Probably everyone has heard the phrase “employee engagement”, but for many who have, unless they are in HR, few will know exactly what it is, why it’s important and that every leader needs to make it happen to so they, their team, and organisation more successful.
As a leader, it is your route to success. HR can support you but, in the end, it’s about what you do, no one else. In a wider context, all employers, and senior leaders in particular, need to pay more attention to organisational and team engagement. Each year if possible conduct employee engagement surveys to make sure employees are having a great employee experience.

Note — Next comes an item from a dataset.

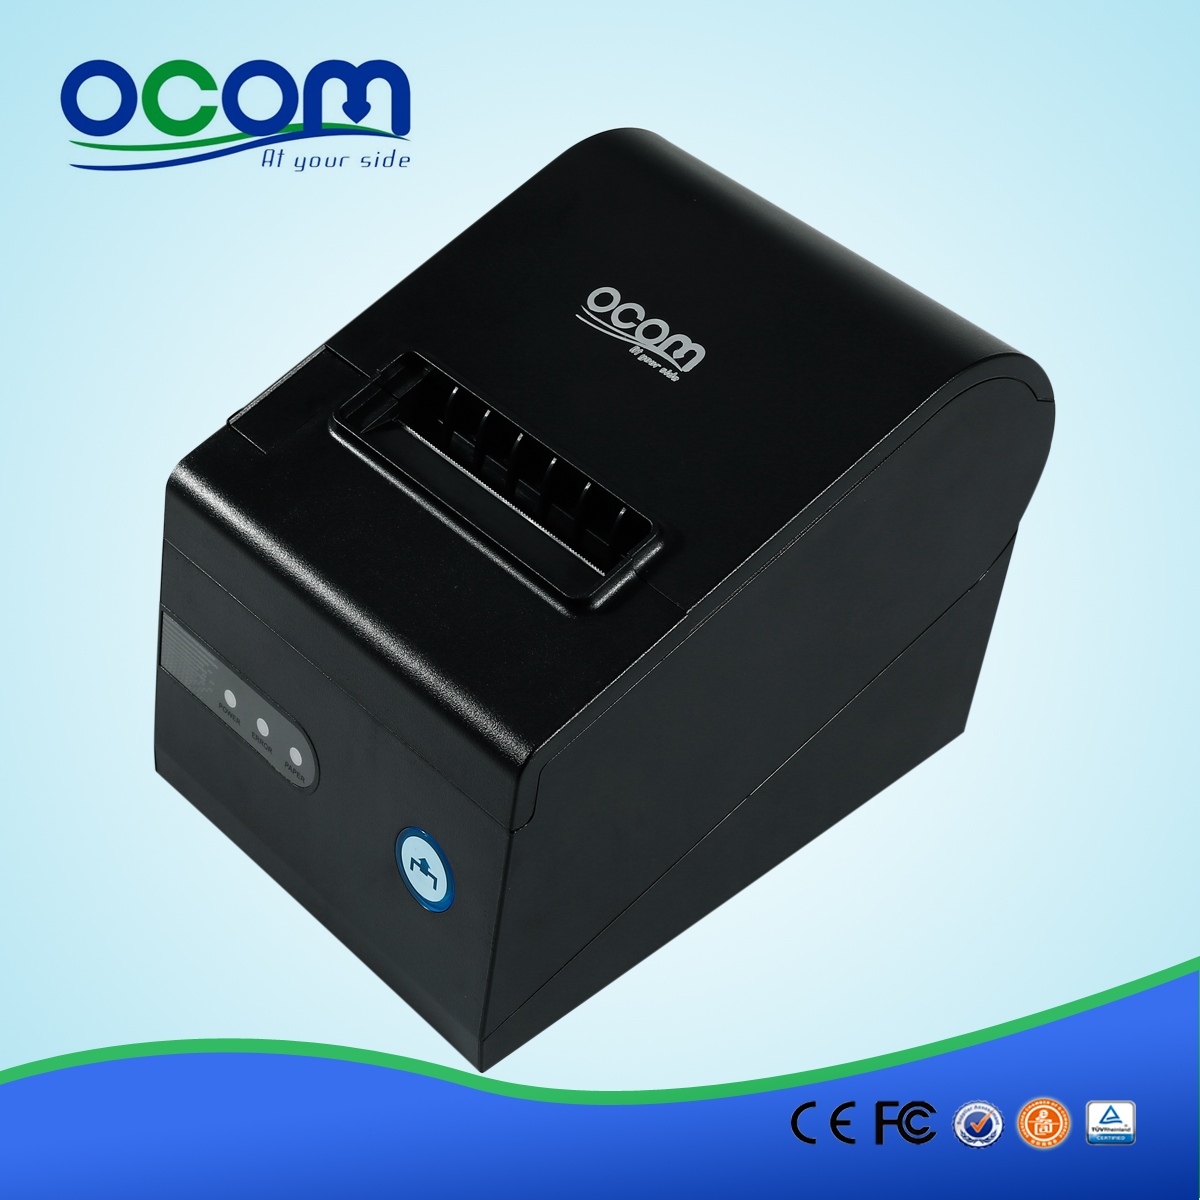 OCPP-804 de bureau imprimante ticket thermique avec USB Serial Port Parallèle

Because if they aren’t they won’t be performing well and may be thinking of leaving.
Engaging your people is how you maximise your potential to achieve real success for any organisation set against any important factors you care to mention, from customer experience to risk management and high performance to innovation.
This isn’t some soft fluffy idea about being nice to people this is a proven evidence-based organisational strategy for success and maximised return on investment.
Having an employee engagement strategy will enhance employee experience, boost employee satisfaction and thus build an engaged workforce. That is one of the best ways to minimise employee turnover, increase the quality of work and boost morale across the entire organization. But also a great way to grow positive core values and company culture which then enhances the organisation’s success long term.
Certainly, anyone in senior leadership roles needs to understand in detail what employee engagement is and how to optimise it within their area of responsibility.
At C suite employee engagement is not just a responsibility of HR, it’s the strategic responsibility of everybody at the senior level to role model it and to support it. In particular, the CFO, as will maximise the return on investment from human capital.
What is employee engagement?
There are numerous technical definitions of employee engagement but to keep it simple and practical you can say that “engaged” employees are people who are genuinely giving their best at work. Thus when you see a figure for employee engagement in an employee engagement survey this is the percentage of employees in the organisation who are doing that. Employee engagement is the process by which organisations seek to get more of their employees engaged and thus giving their best.
It is worth mentioning “discretionary effort” here. This is effectively the amount of effort an individual can withhold but it is unlikely to be identified that they are doing so via performance management. In other words, they will be rated as performing satisfactorily but yet there could be up to 30% extra effort they could give if they were engaged. It is this the additional effort employee engagement is seeking to gain to maximise organisational performance.
Why do all leaders need to know about employee engagement?
Just reflect on the potential impact of a significant proportion of an organisation’s employees giving 30% more effort. Better employee engagement will enable any organisation doing anything anywhere to be more effective and successful. But it is individual leaders above all who have to make it happen. Simply because the vast majority of factors that influence how engaged people are relate directly to the behaviour of their boss.
In the final analysis no matter what senior leaders are doing, no matter what HR is doing, if the employee’s own boss is not taking day-to-day action to engage them then it just won’t happen.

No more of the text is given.